Biography

Between colours and emotions, Christelle Sessa shares her “joie de vivre” but also her devouring passion for painting. Through his numerous paintings, we discover an imaginary world with a touch of simplicity. Born in Toulouse, France, the "pink" city, Christelle quickly tries, learns, dares. A passage in front of “Les Beaux Arts”, then life takes her back in its whirlwind that make her move away, to take her back again at the whim that the conventions of society oblige: painting is never very far, and even if sometimes then it does not express itself, the slow scaffolding is built, the building is colored with what it will be. And then suddenly, like a childbirth of colors, an effusion in so many restrained emotions, his tools multiply, the spatula, the knife, the sponge; his method asserts itself.
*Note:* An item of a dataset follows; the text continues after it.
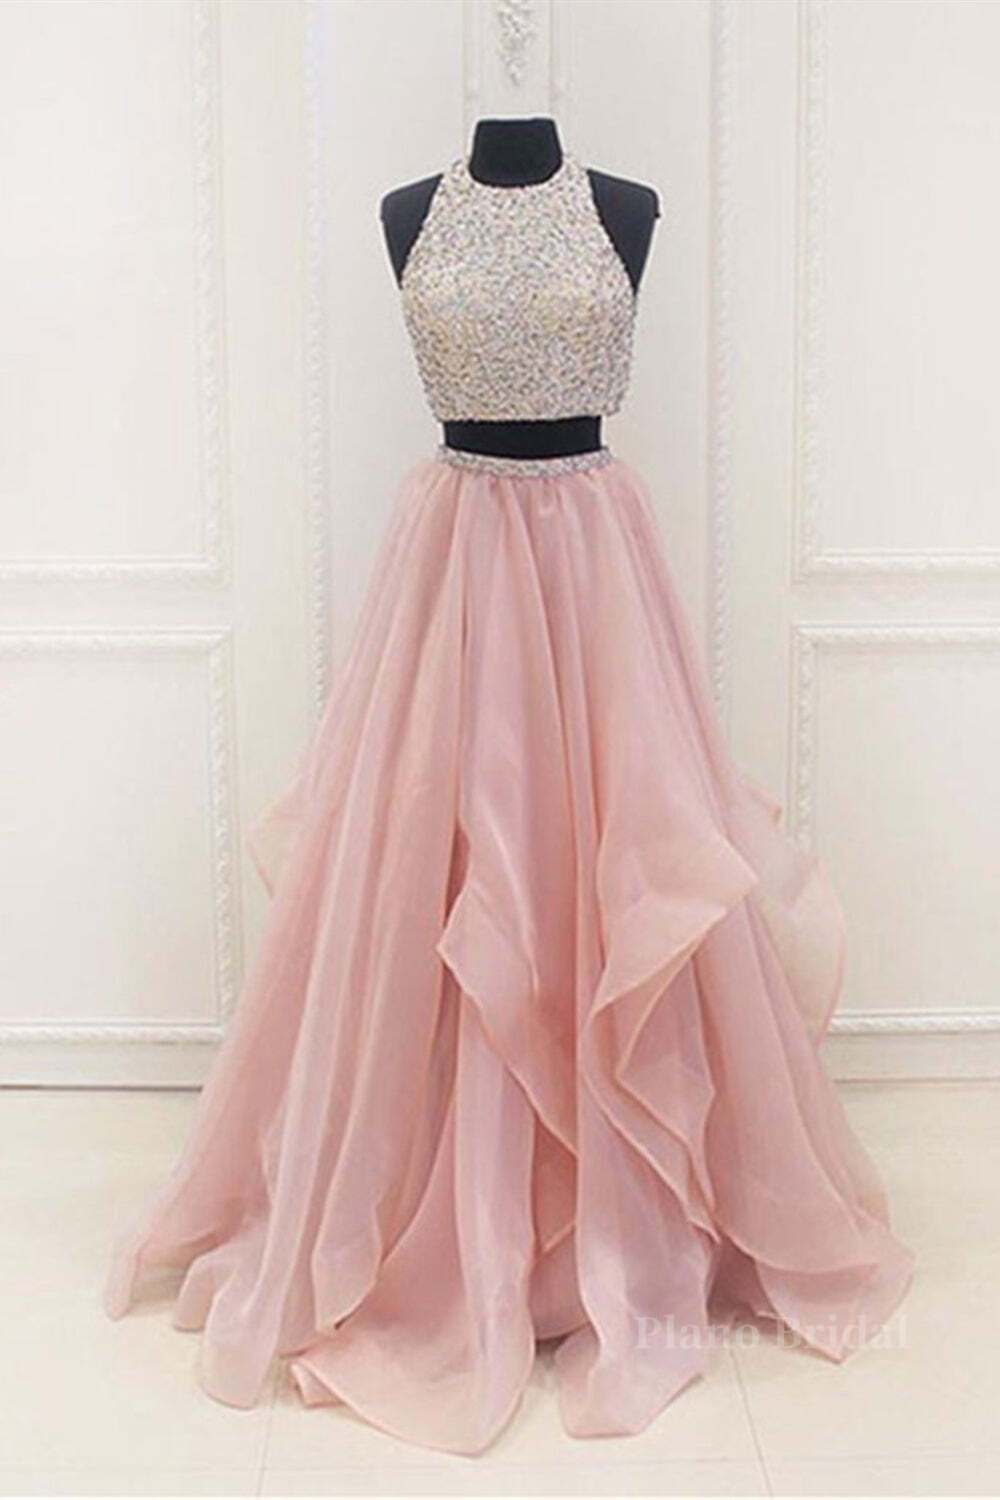 Gorgeous Round Neck Two Pieces Long Prom Dresses, 2 Pieces Formal Evening Dresses

The materials and incrustations, the collage on acrylic... everything in her being swirls, the colours freeze, the thoughts gush out again, like the decalcomania of life, impregnate the cotton of the canvas, freeze between the linen fibres, what must surely be, what must be. I do not obey any intention, any system, any tendency. I have no agenda, no style, no pretensions. I love uncertainty, infinity and permanent insecurity. But like I said, I don't like to impose on a style. Nor he to me It is possible to be moved by the ceilings of the Sistine Chapel, get enthusiastic about an Andy Warhol at MOMA and receive in the face a truth of Banksy that urban art puts within reach of everyone. Why should an artist be only a style, a vision, a time or a trend? Is art not in all things, at all times?

When I paint, I am not yet the one who will be but already more the one I was. Then with a breath of color, a psychedelic thought or the envy of the moment, a flat spatula, the caress of a sponge or the insult of the knife springs up when suddenly too many conventions inhibit thought. The colours dance as the melodies of the sounds sing: my workshop is in Mauritius, outside where the sounds of nature, the animal life and the blurred cracklings of the city make one with the gaze I carry on the moment; the very one who is going to die on the canvas in the sealing of those bursts of painting that then freeze infinity.

Nothing is ever acquired, everything continues, everything has a life and in a canvas there is not an instant when the end is programmed. It is only "later", an indefinable moment when the state of intimate satiety translates into a state of appeasement, that the volutes fade, the colours freeze and the spatulas lie in a feeling of accomplishment. When I have to choose what will be, the colors impose themselves right now. I always wondered what would have been such or such composition if this one had been carried out 1 hour after: would the colors have they been identical with regard to the feeling of what was then? Would these harmonious curves be mistaken for an instant to the benefit of a solid where nothing seems to want to survive?

Indeed, art is only a curvature of space time. A privileged moment of encounter on both sides of this cotton frame or these linen fibres soaked in the thought of an artist. Intimate thoughts... or Christelle takes us, the time of a look, a moment scroll... and then goes... to the next."